A Space-Based Early Warning System ... Powered by Animals
On August 15, 2018, a pair of Russian cosmonauts spent several hours floating outside the International Space Station, installing a nearly 10-foot-long antenna in order to gather data on animals across the globe, from blackbirds in France to wildebeests in Namibia. The mission: use information beamed from creatures outfitted with tiny trackers that report everything from location coordinates to humidity, with the goal of creating a global “internet of animals” that will help us understand species decline and migration—and maybe even aid in the prediction of natural disasters.
Called the International Cooperation for Animal Research Using Space (or ICARUS, a.k.a. the character from Greek mythology who perished after flying too close to the sun), the project is the brainchild of researcher Martin Wikelski, managing director of the Max Planck Institute for Ornithology in Germany. “Once we tune our knowledge into what can be gained from wild and domestic animals, we learn so much more about life and about the earth that we didn’t even know we were missing,” says Wikelski.
The data gathered from ICARUS will be applied to conservation issues, as well as analyzed to better understand natural phenomena like animal migration. But Wikelski also has another bold hope for ICARUS. Anecdotal evidence holds that animals often behave strangely before big disasters: hibernating snakes wake up before an earthquake, elephants flee before a tsunami hits, or birds get restless before a volcano erupts.

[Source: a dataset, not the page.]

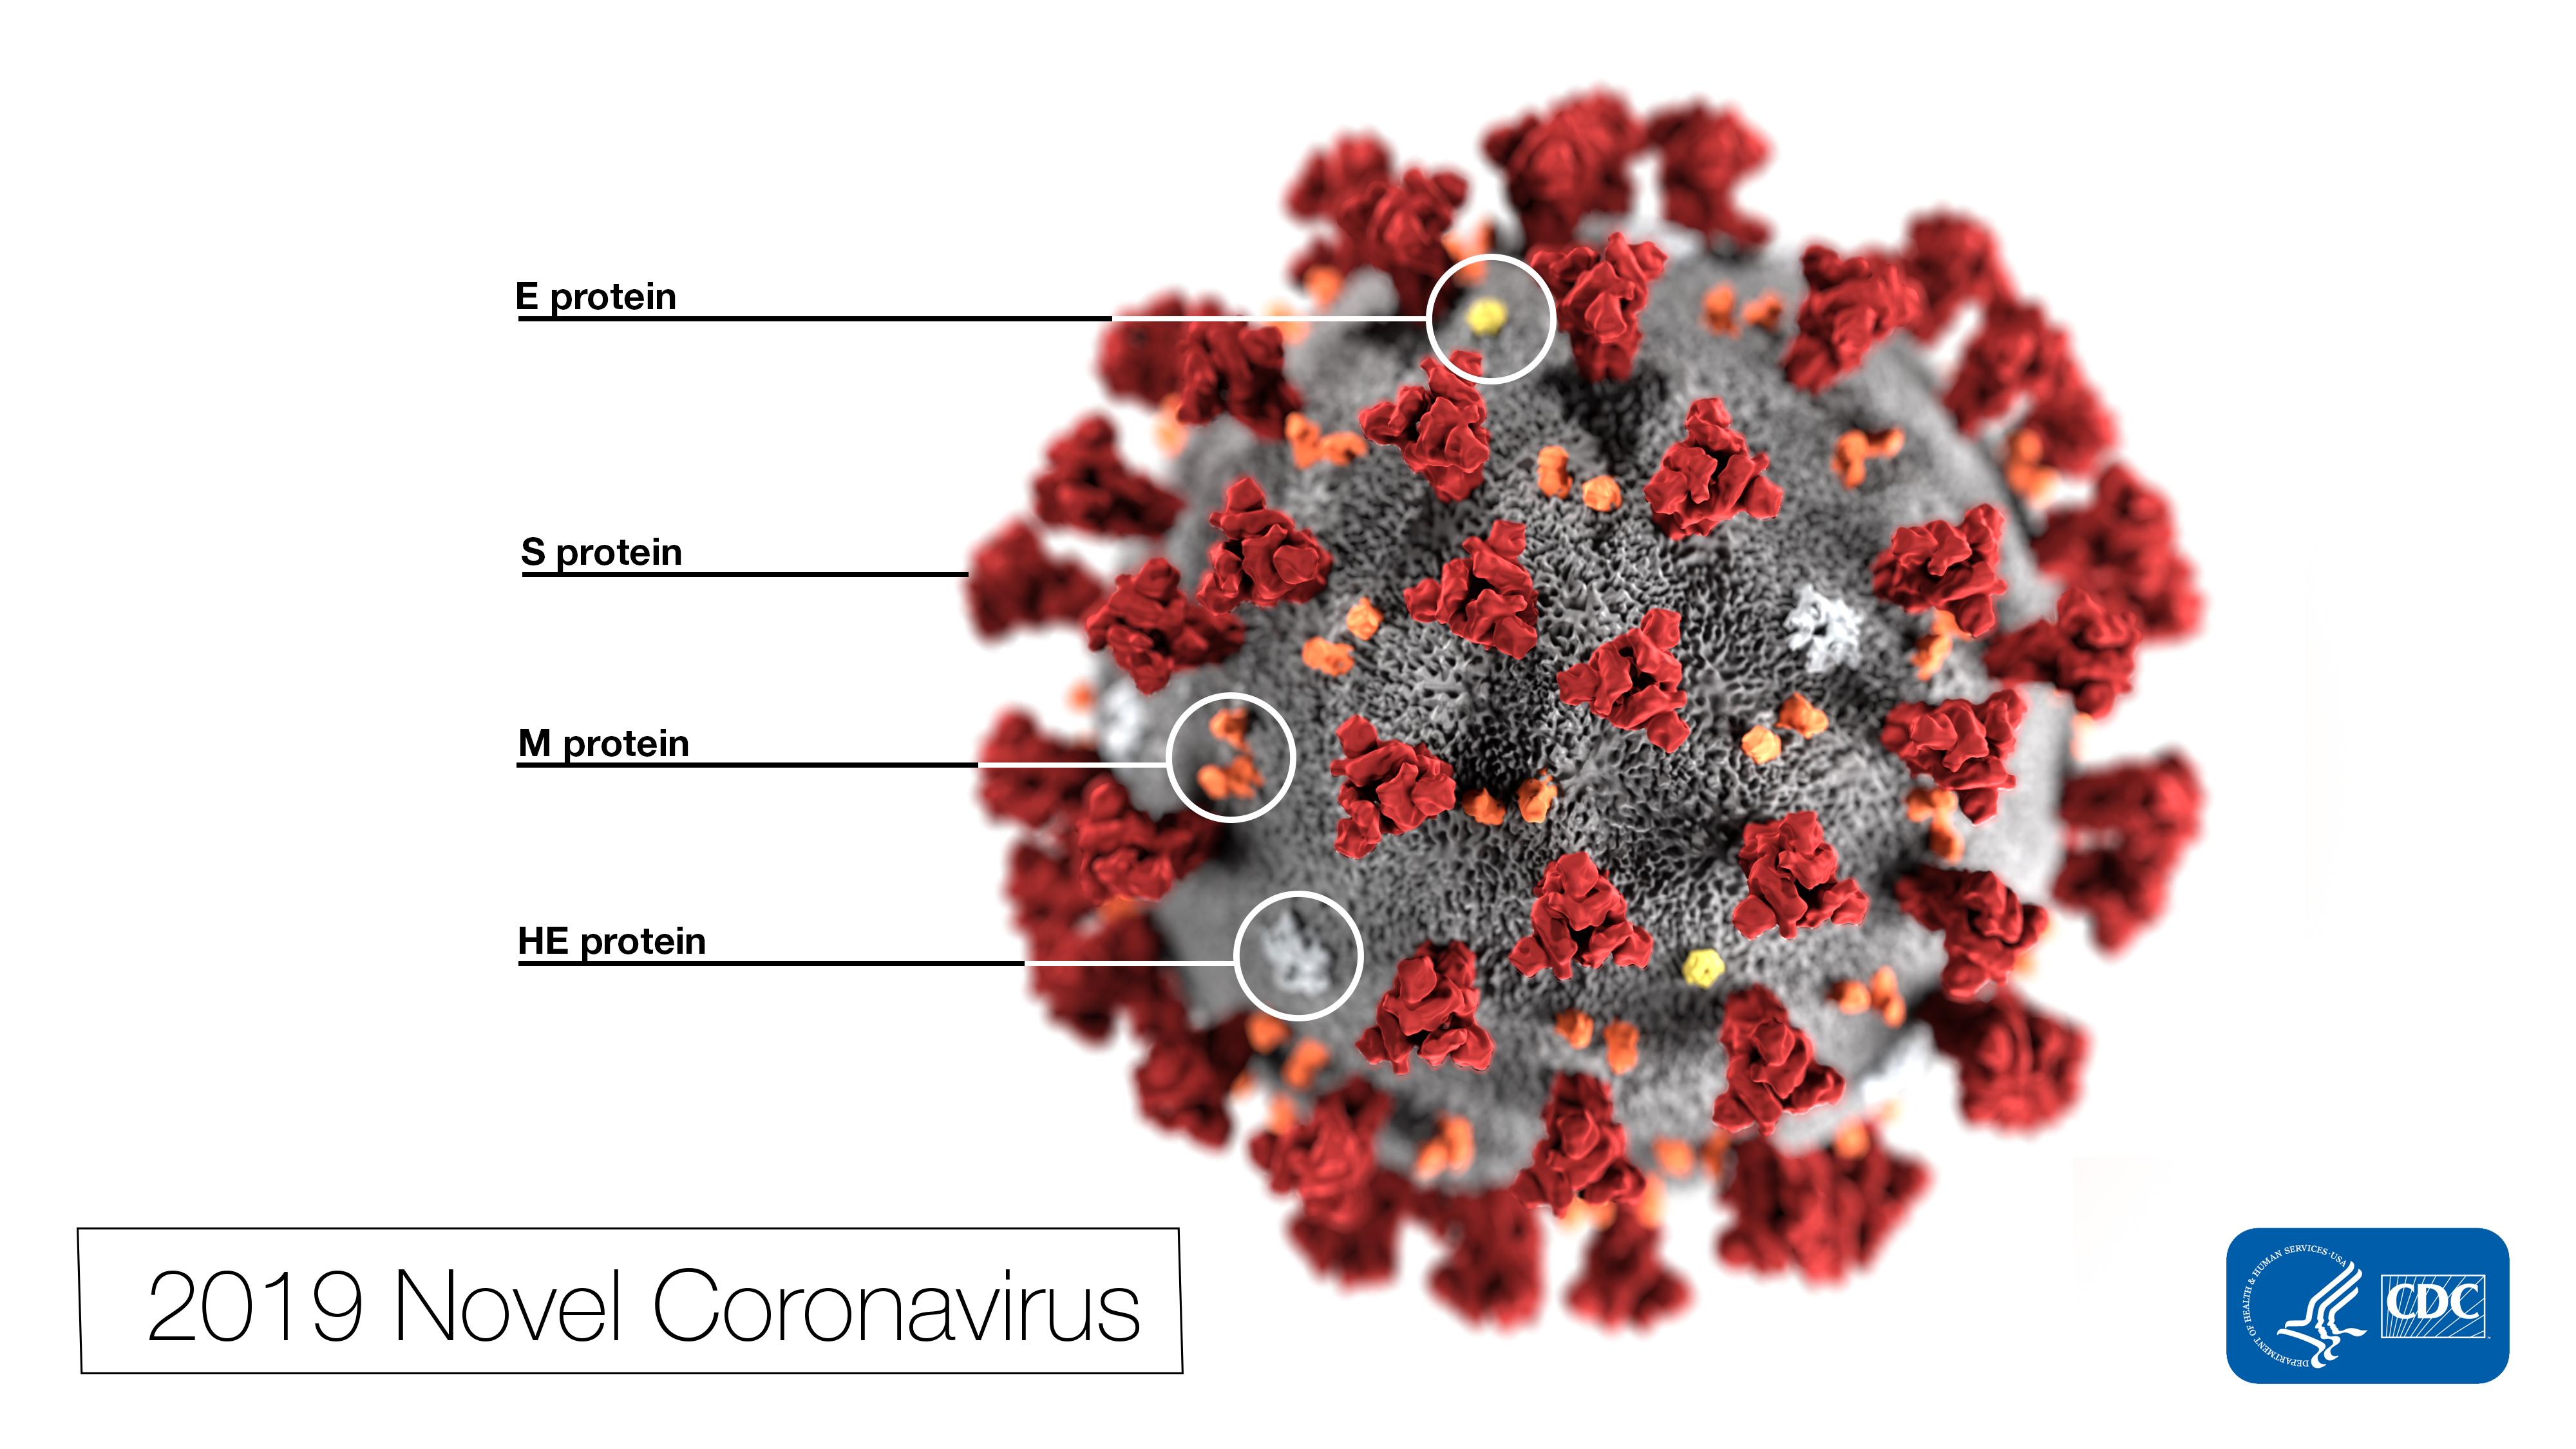 Rendered image of the coronovirus with the label '2019 Novel Coronovirus'

Using animal tracking, Wikelski hopes to explore these claims and then back them up with hard science in order to create an early warning system for natural disasters. He’s already gotten started: in 2012, Wikelski tagged a herd of goats who roam the slopes of Sicily’s Mount Etna, an 11,000-foot-tall active volcano. So far, he says, the results of that study have been promising. Scientists tracked the goats over two years and were able to compare the data collected to volcanic activity in the region, retroactively “predicting” major eruptions based on the goats’ behavior.
In the future, Wikelski envisions people downloading an app powered by animal-gathered data that would send out alerts warning of potential danger. He even sees this working in non-rural communities where zoo animals or urban wildlife could be utilized—which is why you may one day receive a life-saving message from a pigeon.